Step-by-step Details#

If the Quickstart instructions didn’t work, or you would just like more details, please follow the step-by-step instructions and tips on the Software Installation page.

Getting the Short Course Files#

The Jupyter notebooks, as well as the corresponding input files and data, are provided in this git repository. To get started you need to clone this repository:

#
# Select a local directory (here we assume starting at the top-level of your home directory)
#
cd ~/
git clone -b ats-short-course-20250908 https://github.com/amanzi/ats-short-course

After cloning, change to the repository directory:

cd ats-short-course

Download and run the ATS in a Container#

The Docker container for this short-course includes installations of Watershed Workflow, TINerator, amanzi, and ats. As a result it is fairly large and best to separate the initial download and testing before we run JupyterLab.

To get started, let’s download the container:

docker pull metsi/ats-short-course:2025-ats-latest

If this downloads successfully, check the version of ATS:

docker run -it --rm metsi/ats-short-course:2025-ats-latest ats --version
> ATS version 1.6.0_8d11cb0c

If this worked – great! Move on to Run JupyterLab under Docker. But if you ran into trouble with the download and/or Docker storage on your system, check some of the troubleshooting tips.

Run Jupyer Lab in a Container#

The goal is for you to enable JupyterLab to interact with the ats-short-course repository files on your local system.
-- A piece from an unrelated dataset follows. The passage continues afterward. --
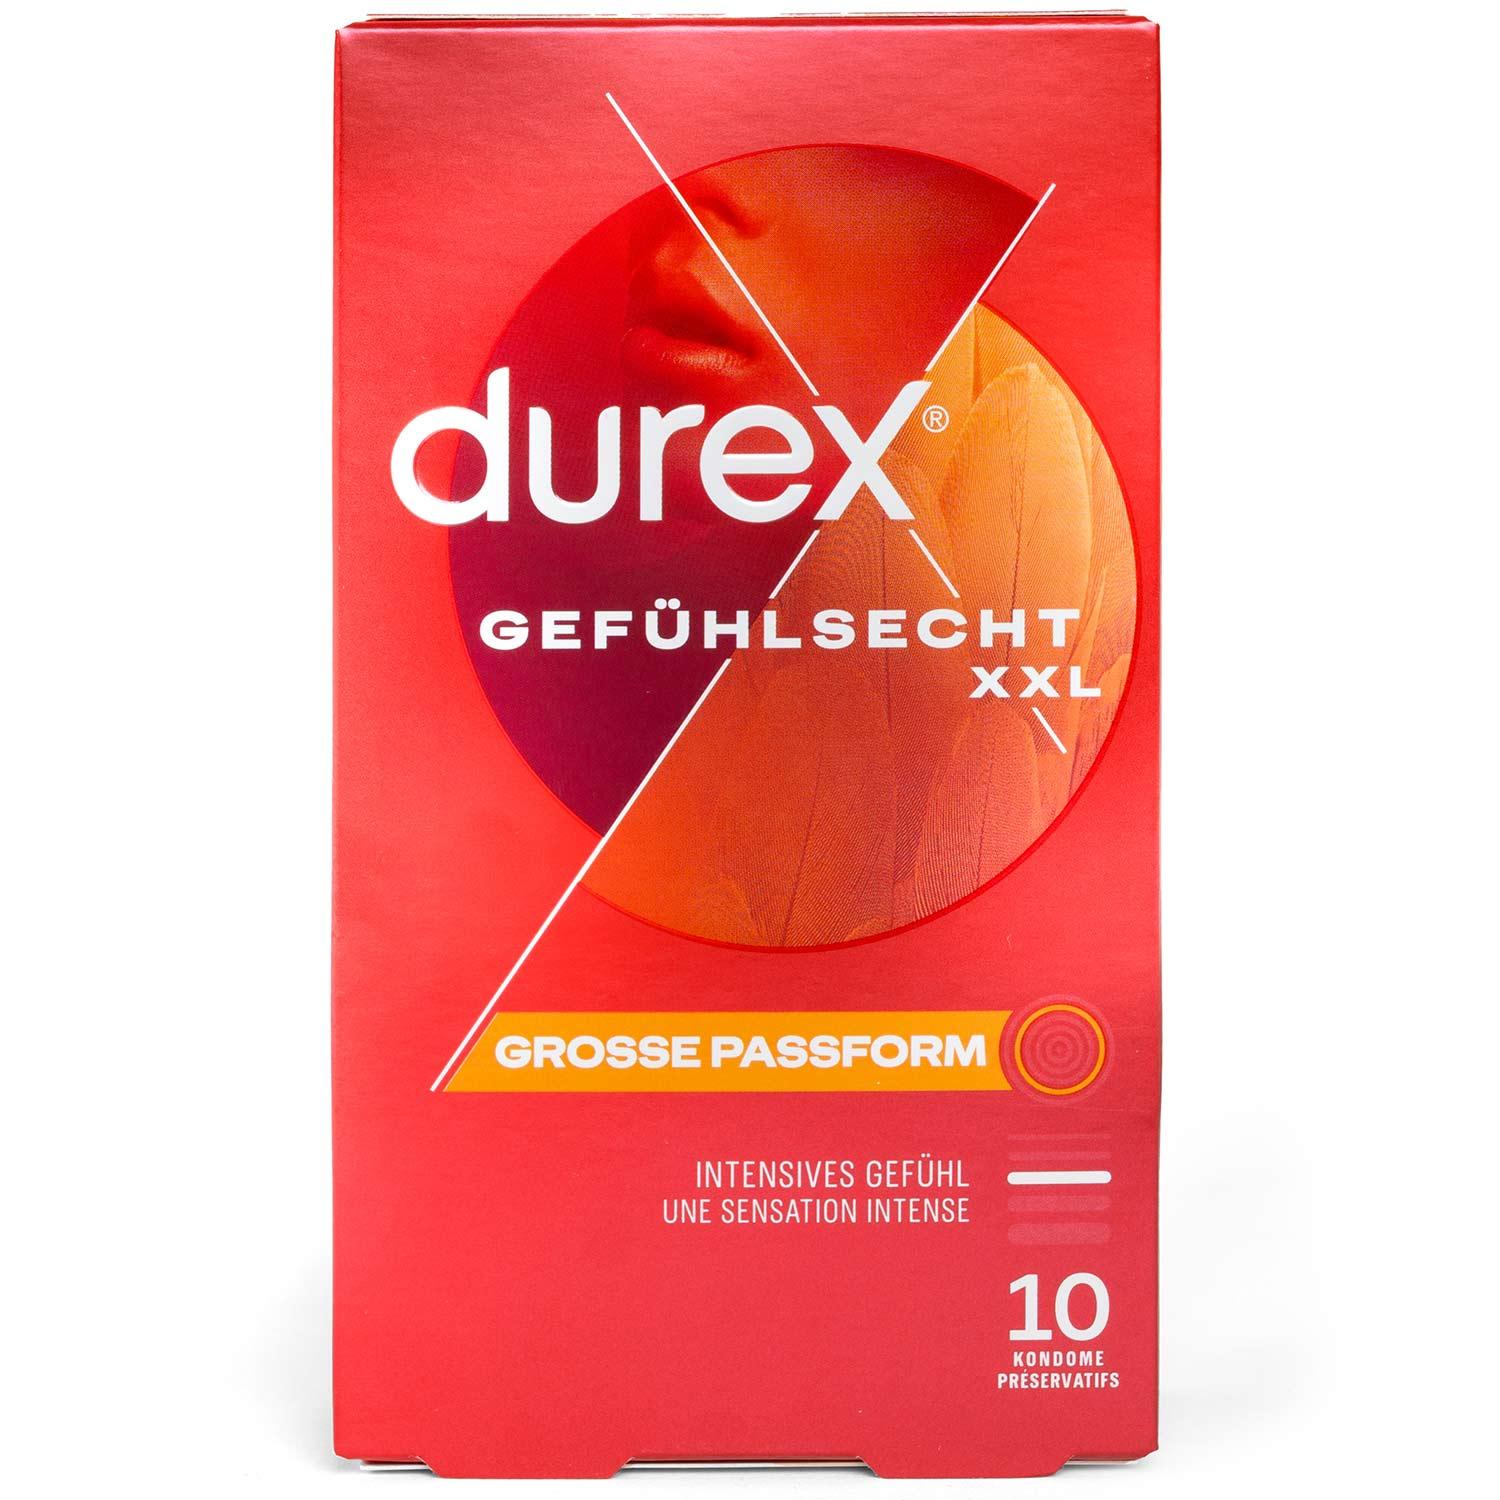 Durex Gefühlsecht XXL Condoms 10pcs, with Reservoir, Ø 60mm, 220mm

This is accomplished through the --mount option which shares your present working directory ($pwd) with the Docker container.

So make sure your $pwd is the top-level of the ats-short-course repository and cut-and-paste one of the following commands:

OSX#

docker run -it --init --mount type=bind,source=$(pwd),target=/home/ats_sc_user/work -w /home/ats_sc_user/work -p 8888:8888 metsi/ats-short-course:2025-ats-latest

OR if you prefer the verbose version:

docker run \
    --interactive \
    --init \
    --mount \
    type=bind,source=$(pwd),target=/home/ats_sc_user/work \
    --publish 8888:8888 \
    --workdir /home/ats_sc_user/work \
    metsi/ats-short-course:2025-ats-latest

Windows 10#

If you are using Windows 10’s Command Prompt or PowerShell, where the variable $(pwd) is not recognized, it may be easier to type the location of ats-short-course explicitly. For example, if C:\Users\USERNAME\ats-short-course is the top-level of the ats-short-course repository, then:

docker run -it --init --mount type=bind,source=C:\Users\USERNAME\ats-short-course,target=/home/ats_sc_user/work -w /home/ats_sc_user/work -p 8888:8888 metsi/ats-short-course:2025-ats-latest

If you are getting a Docker error that the working directory is not valid and you don’t recognize the directory Docker returns, it is possible you are using (or installed as part of packages like Git for Windows) a command line interface that changes the paths you are passing to Docker.

If so, try double slashes in your Docker command:

docker run -it --init --mount type=bind,source=C:\\Users\\USERNAME\\ats-short-course,target=//home//ats_sc_user//work -w //home//ats_sc_user//work -p 8888:8888 metsi/ats-short-course:2025-ats-latest

Connect to the Jupyer Lab Session from your local web browser#

Independent of the OS you’re using, the Docker run command described above will output several status messages to the screen, one of which is about the Jupyter server that it started.

For example, you should see something like:

[I 2021-08-17 21:59:38.111 ServerApp] Jupyter Server 1.10.2 is running at:
# This address is unique to each system, so don't copy this one in your case
[I 2021-08-17 21:59:38.111 ServerApp] http://58557662c177:8899/lab
# This address is generic and will work on any system where this port on local host has not been allocated to another process
[I 2021-08-17 21:59:38.111 ServerApp]  or http://127.0.0.1:8899/lab
# To kill this server
[I 2021-08-17 21:59:38.111 ServerApp] Use Control-C to stop this server and shut down all kernels (twice to skip confirmation).

Once this is running you can open this URL in your browser: http://127.0.0.1:8899/lab

You should see JupyterLab and the files from this repository.

Note

Most users see the message:

No web browser found: could not locate runnable browser.

This message is safe to ignore – by manually copying and pasting the above address into your browser, you should see the Jupyter Lab instance.